How to Stop a Nosebleed Correctly
Most people tilt their head back, but this just sends blood down the throat. Instead, lean slightly forward and pinch the soft, cartilaginous part of your nose between your thumb and the side of your index finger. Not the bony bridge, but the fleshy lower portion. Hold steady pressure for a full 10 minutes without checking. The urge to peek is strong, but releasing pressure too early disrupts the clot that’s trying to form.
A nosebleed lasting longer than 30 minutes despite correct pressure is a red flag that warrants emergency evaluation. So is any nosebleed accompanied by dizziness, rapid heartbeat, or difficulty breathing, which could signal significant blood loss or airway involvement.
Preventing Recurrent Nosebleeds
Keeping the nasal lining moist is the single most effective prevention strategy. A humidifier in the bedroom, especially during heating season, helps maintain humidity above the 30% threshold where nasal dryness becomes a problem. Saline nasal sprays applied a few times a day can rehydrate the tissue directly. If you want to use a lubricant like petroleum jelly, apply it sparingly and not within several hours of lying down. Water-soluble options are generally a safer choice for nasal use. A saline gel specifically designed for the nose offers moisture without the risks of oil-based products.

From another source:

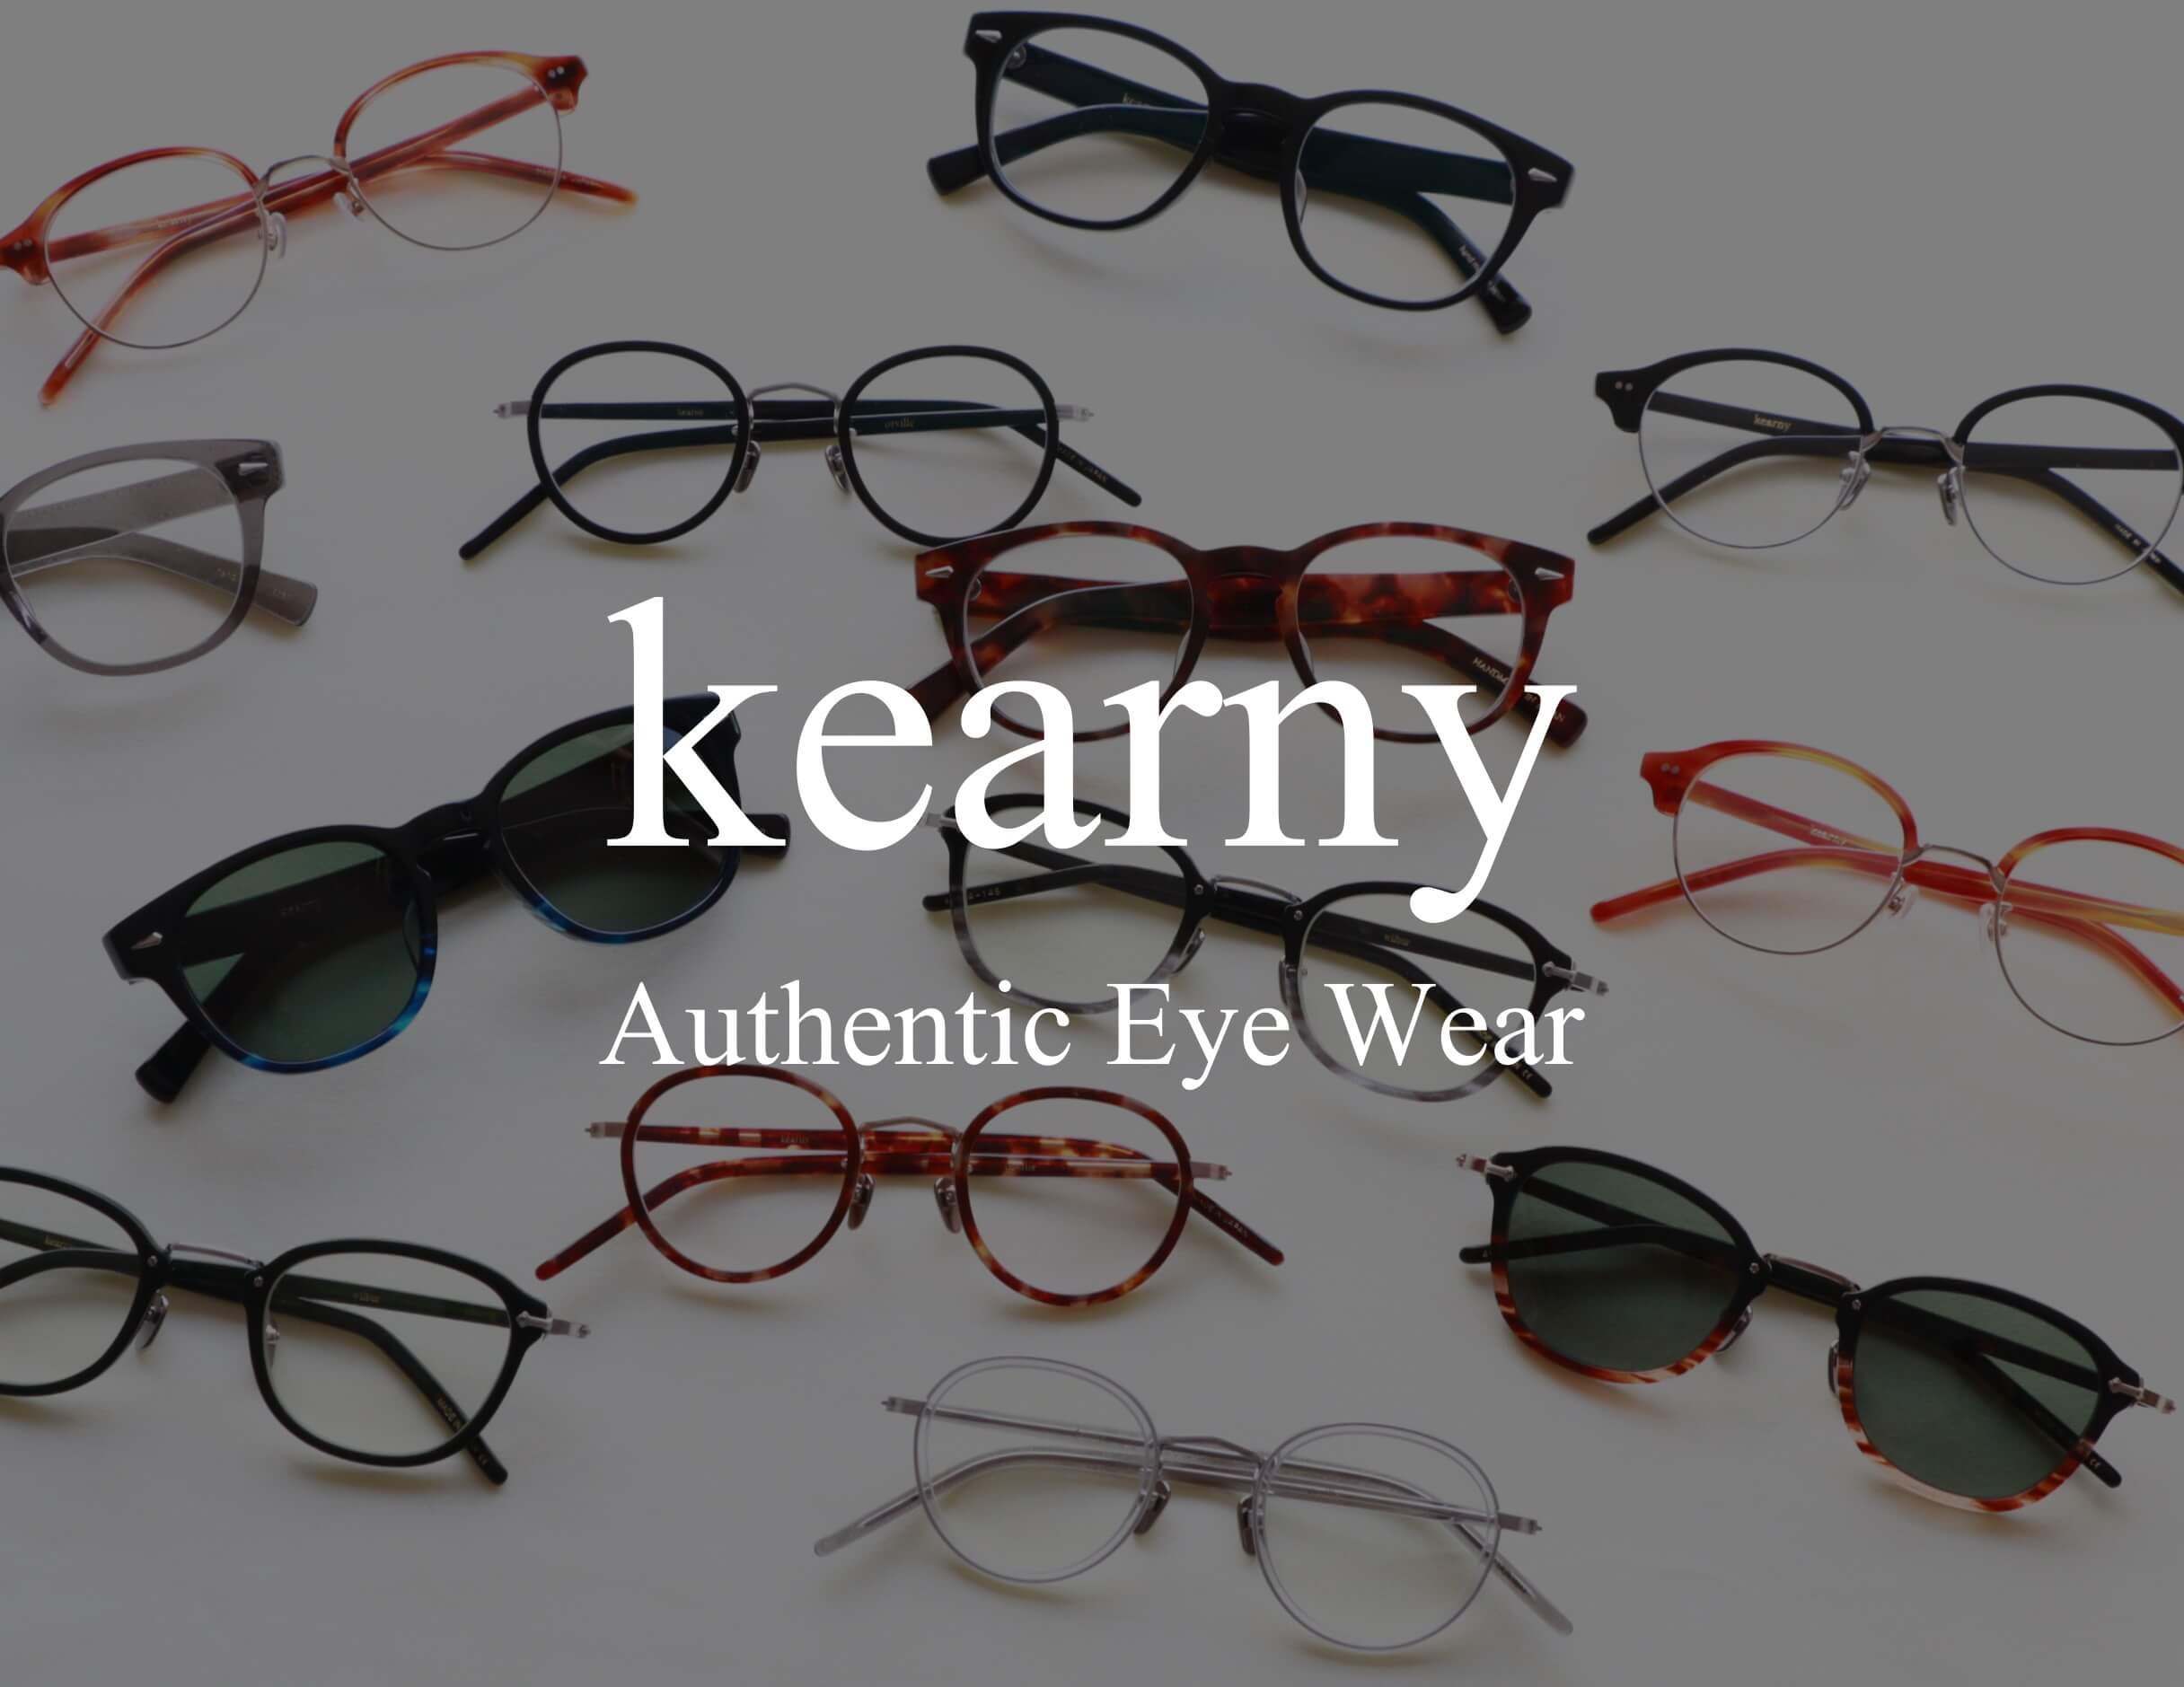 kearny カーニー セルロイド眼鏡

Resist the urge to pick at scabs inside the nose. Trim fingernails short if you tend to pick unconsciously, especially in sleep. Blow your nose gently, one nostril at a time. If you use a nasal steroid spray, aim the nozzle toward the outer wall of the nostril rather than straight at the septum, which reduces direct trauma to the most vulnerable tissue.
When Cauterization Makes Sense
If you have a visible, repeatedly bleeding vessel on your septum, a doctor can seal it through cauterization. The two main approaches are chemical cauterization, which uses a silver nitrate stick applied to the vessel, and electrical cauterization, which uses heat delivered through a small probe. Both are quick outpatient procedures. Research comparing the two in patients with recurring nosebleeds found that electrical cauterization had a significantly lower recurrence rate, with silver nitrate carrying about 2.5 times the risk of the bleeding coming back. The time between procedures and any recurrence was similar for both methods, averaging roughly 4 to 6 months. Your doctor’s recommendation will depend on the severity and location of the bleeding vessel, but it’s worth knowing that electrical cauterization tends to produce a more durable result.